# Ventus Northstar



## Jonesinamillion (Feb 21, 2016)

This may be of interest...

https://mailchi.mp/ventuswatches/2wckjgwk5v?fbclid=IwAR3yL5eQqDMMQZpW04zZJwZwBAW0WOLWHtR6ke3xOXuRTewhODEx-m4nBow

I'm very impressed with my Mori brass diver so very may we'll take the plunge on this.


----------



## KAS118 (Mar 2, 2014)

Seems excellent value at $199


----------



## bowie (Mar 12, 2005)

I Like that


----------



## Tazmo61 (Oct 3, 2016)

I like that very much , thanks for posting . :thumbs_up:


----------



## Jonesinamillion (Feb 21, 2016)

Note to all... please don't buy one until ive got my order in :biggrin:


----------



## Tazmo61 (Oct 3, 2016)

Some pics ….


----------



## MrF-UK82 (Jul 21, 2018)

I love that bronze version with the green dial :wub:

I nearly picked up a Ventus Mori but wasn't familiar with the brand.

Anyone got a Ventus in there collection?


----------



## Caller. (Dec 8, 2013)

MrF-UK82 said:


> Anyone got a Ventus in there collection?


 Someone on here does, just can't think who?

Edit - LOL - it's the OP!


----------



## Jonesinamillion (Feb 21, 2016)

MrF-UK82 said:


> I love that bronze version with the green dial :wub:
> 
> I nearly picked up a Ventus Mori but wasn't familiar with the brand.
> 
> Anyone got a Ventus in there collection?

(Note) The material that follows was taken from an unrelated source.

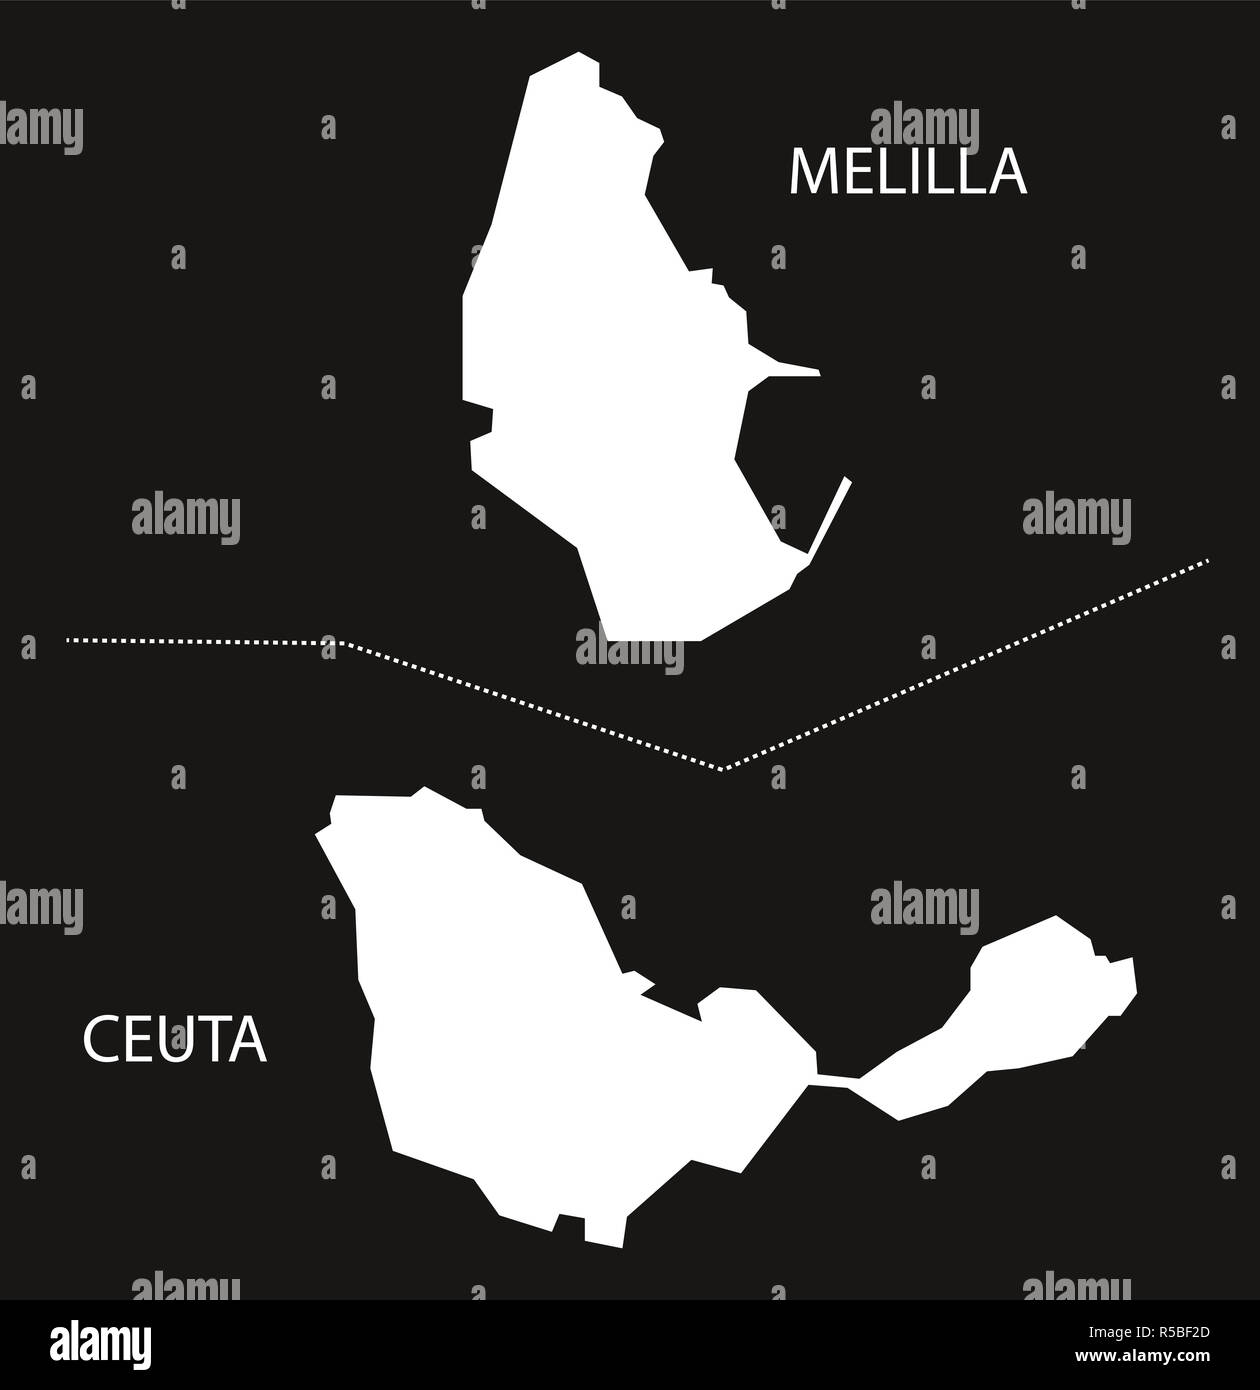 Melilla and Ceuta Spain map black inverted silhouette illustration Stock Photo

 I did (Mori brass diver) and certainly don't regret it, quite the opposite. Came with a watch roll, wooden box and 3 straps for under £250!!!!


----------



## MrF-UK82 (Jul 21, 2018)

Jonesinamillion said:


> I did (Mori brass diver) and certainly don't regret it, quite the opposite. Came with a watch roll, wooden box and 3 straps for under £250!!!!


 Was it this by any chance?

https://www.seriouswatches.com/collections/all-watches/products/ventus-mori-sw-2-limited-edition


----------



## Jonesinamillion (Feb 21, 2016)

MrF-UK82 said:


> Was it this by any chance?
> 
> https://www.seriouswatches.com/collections/all-watches/products/ventus-mori-sw-2-limited-edition


----------



## KAS118 (Mar 2, 2014)

Well this one has flown as well - already 148% funded


----------



## ry ry (Nov 25, 2018)

It's a really nice looking watch, but there was something about it that just didn't click with me. Can't work out what it was tbh, objectively it's a cracker.

Well played anybody who scooped one at a bargain price!


----------



## Jonesinamillion (Feb 21, 2016)

I picked two up at quite a bargain price, to be shipped in September... I already own one and I would happily & knowingly pay the full price!


----------



## Boots (Sep 22, 2018)

I pulled the trigger for one. @Jonesinamillion, we can compare notes in September!


----------



## Jonesinamillion (Feb 21, 2016)

Boots said:


> I pulled the trigger for one. @Jonesinamillion, we can compare notes in September!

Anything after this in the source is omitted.